Забракованная Люська

Зоя Севастьянова
          Однажды на глаза Люсе попалось брачное объявление такого рода: «Одинокий мужчина 45 лет, верующий,  ищет женщину не старше… и т.д.».  Народ, таких как Люся, называет просто и грубо - «мать-одиночка». Надоело ей, что люди относятся к ней с пренебрежением, вот и теперь решив, что этот кандидат ей подходит, она пишет ему письмо, которое не будем приводить дословно, ну разве что пару строчек: «…я в меру упитанная женщина, живу с ребёночком на квартире с подселением. В конце указала номер телефона».

           Спустя некоторое время звонит и назначает ей встречу на остановке у парка, тот мужчина из объявления, описав себя таким образом: - Высокий, волосы белые.
           Люся помчалась на свидание; простояв некоторое время на остановке, ища взглядом высокого блондина и не обнаружив такового, разочарованная вернулась домой. Позже мужчина позвонил, интересуясь, почему она не пришла, выяснив недоразумение, назначил новую встречу, уже у Люси.
           В назначенное время является сутулый товарищ в шляпе, из-под которой виднелись седые (белые!) волосы, с зажатыми в кулаке четырьмя (!) тюльпанами. Пройдя в комнату, он оценивающим взглядом осмотрел обстановку сначала в одной, потом в другой комнате, и видимо придя к выводу, что дама с такой обстановкой ему подойдёт, завел разговор о себе любимом. Говорил он с акцентом. Пока товарищ осматривался, Люся побежала набирать воду в вазу, набирая, стукнула вазой о кран. Цветы были поставлены в вазу на сервант, чайник на стол. Началось чаепитие с застольной беседой, после чего товарищ, назовём его Аликом, начал приставать к Люсе. Люся возмущённо отмахивалась от него, тогда он предложил ей… деньги!.. Вспыхнув, Люся доходчиво объяснила мужичку, что она не проститутка.
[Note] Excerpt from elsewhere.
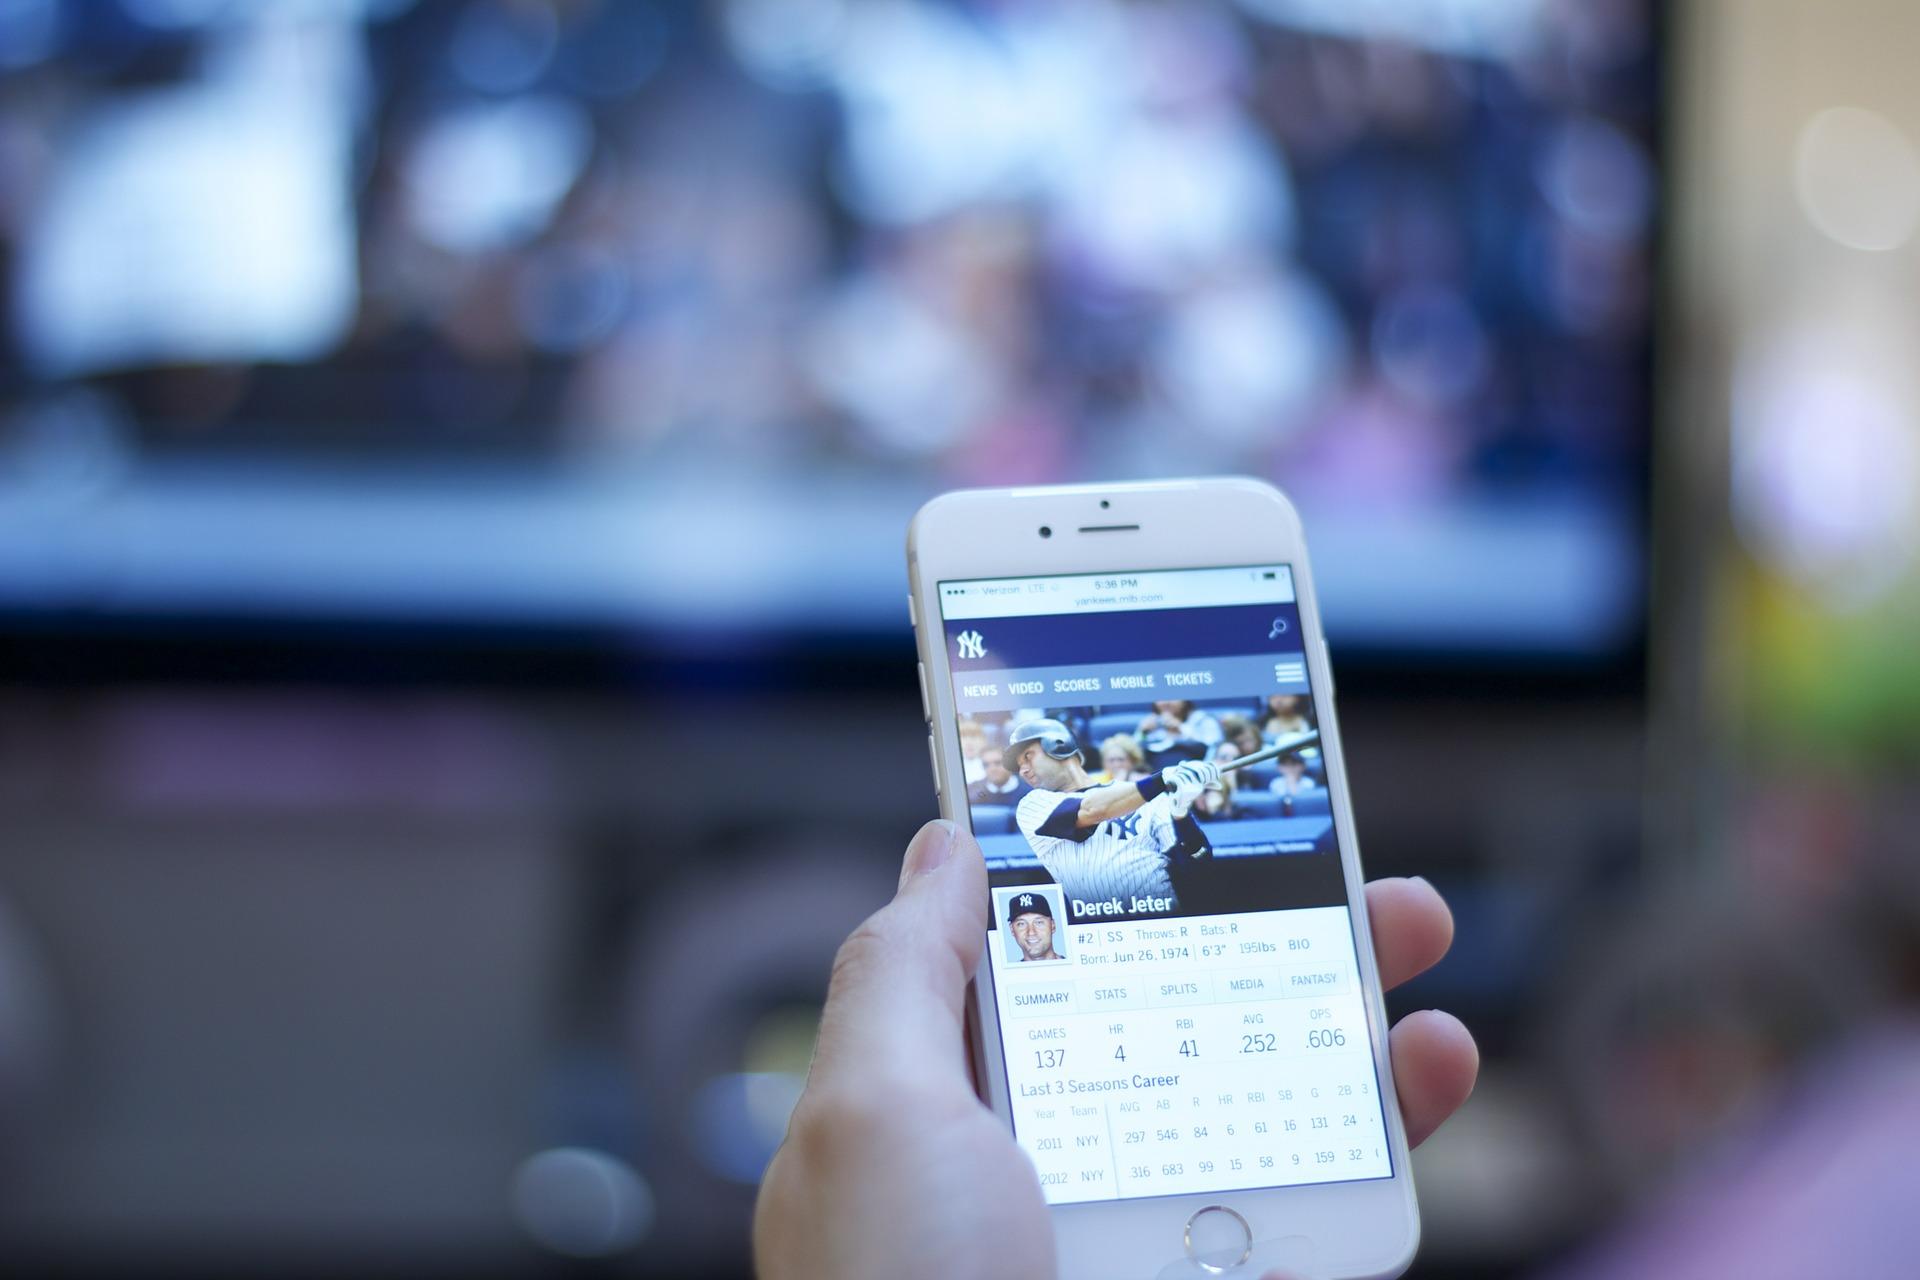 France Télévisions : un coup de rabot en vue, mais des objectifs de production ambitieux

В это время послышался грохот – упала, разбившись на мелкие кусочки ваза; красные тюльпаны лежали в осколочной луже. Грохот отвлёк Алика от объекта страсти.

          На следующий день звонок в двери. На пороге Алик с ма-а-аленьким кулёчком, который он протягивает Люсе: - Это Вашей дочке! Женщина  после некоторого колебания, подумав: – «Вот ведь - о моей доченьке вспомнил» - и, решив что «дорог не подарок, а дорого внимание» запускает его. Дежурное чаепитие с беседой, в которой он упоминает о своей дочке.
          Периодически чаепития повторялись, после каждого число детей возрастало, достигнув четырёх, впрочем, его старшая дочь жила у своей бабушки. Сердце Люси трепетало - ей стало жалко вдовца, и она решила посмотреть на бедных сироток.
          Дети молчаливо сидели на грязном обшарпанном диване, отец поочерёдно представил их: старшему Игорю было 17 лет, Ване - четырнадцать, младшей Анечке девять лет. Пожалела их Люся - в доме явно ощущалось отсутствие женской руки. Позднее она обнаружила, что занавески висят на проволоке, огород не прополот, двор не прибран.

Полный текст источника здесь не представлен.